Petit essai d’historiographie :
Race et Histoire, Claude LEVI-STRAUSS
Aurélien SAIDI
A) Circonstances de production de l’œuvre
1) La vie de l’auteur
Fils d’un artiste peintre portraitiste, Claude Lévi-Strauss naît à Bruxelles le 28
novembre 1908. Il accomplit son second cycle universitaire au lycée parisien Janson de Sailly,
avant d’entrer en hypokhâgne littéraire au lycée Condorcet (1926) où il suit le cours de
philosophie d’André Cresson. Connaissant quelques difficultés en grec, il renonce à continuer
en khâgne. Il ne passera alors les portes de la rue d’Ulm qu’en temps que secrétaire du
« Groupe d’études socialiste des cinq Ecoles Normales Supérieures ». Fasciné par Marx,
militant pour la SFIO, il choisit un double cursus de droit et de philosophie à la Sorbonne.
Sous la direction de Célestin Bouglé, il valide son mémoire d’études supérieures, intitulé
« Les postulats philosophiques du matérialisme historique » en même temps que sa licence de
droit. En 1928, il prépare son agrégation de philosophie, au côté de Merleau-Ponty et Simone
de Beauvoir, qu’il valide l’année suivante en compagnie de Ferdinand Alquié et Simone Weil.
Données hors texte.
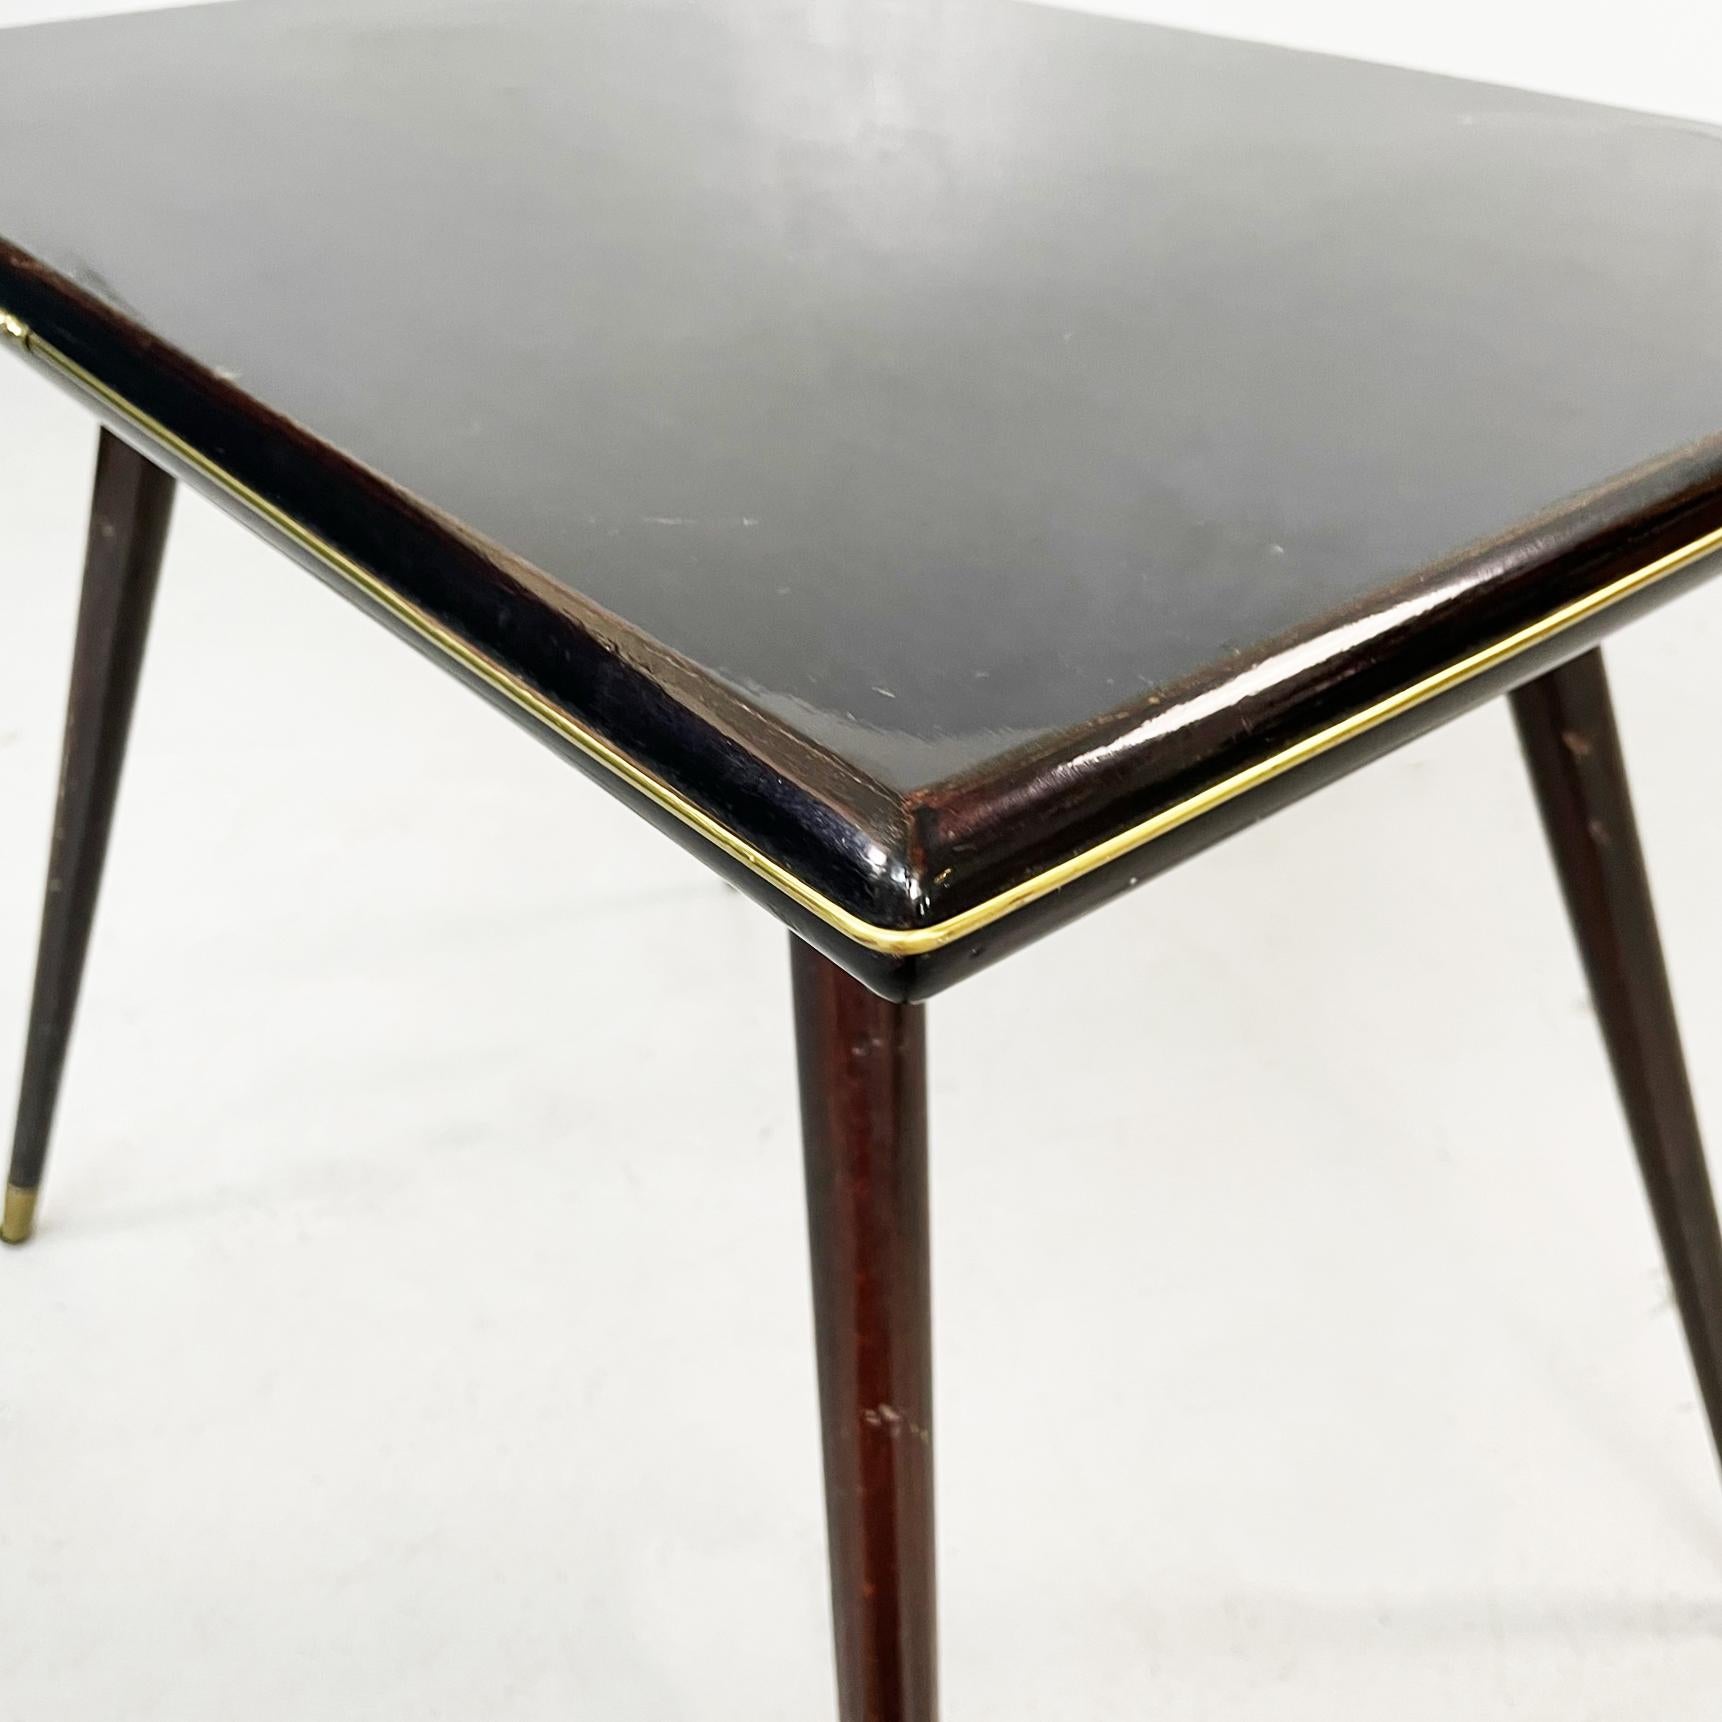 Italian Mid-Century Modern Rectangular Coffee Table in Wood and Brass, 1950s For Sale 2

Sa rencontre avec Paul Nizan (marié à une de ses petites cousines) l’encourage sur le chemin
de l’ethnologie ; la lecture du livre de Robert H. Lowie, Primitive Society (1920), lui fait
définitivement franchir le pas. C’est ainsi qu’en 1934, après avoir accompli son service
militaire, travaillé au ministère de la Guerre, professé au lycée de Mont-de-Marsan et
abandonné toute carrière politique, il accepte la proposition de Célestin Bouglé, alors
directeur de l’ENS, de postuler pour une chaire de sociologie à l’université de São Paulo, au
Brésil. Il y enseigne durant trois ans jusqu’en 1938 ; jugé trop peu comtien et durkheimien par
ses collègues, il lui faut l’appui de Pierre Monbeig et Fernand Braudel, membres de la mission
française, pour se maintenir à son poste. Puis il effectue avec sa femme, Dina Dreyfus, une
recherche pour le Musée de l’Homme qui le conduit dans le Mato Grosso à la rencontre des
indiens Bororo et Caduveo, dont les conclusions seront soigneusement archivées dans ses
Tristes Tropiques (1955). Nul enseignement universitaire ne lui confère son titre
d’ethnologue, autre que ces articles (attirant notamment l’attention de Robert Lowie), ses
collections exposées au Musée de l’Homme et l’aval de Lévy-Bruhl, Mauss et Rivet.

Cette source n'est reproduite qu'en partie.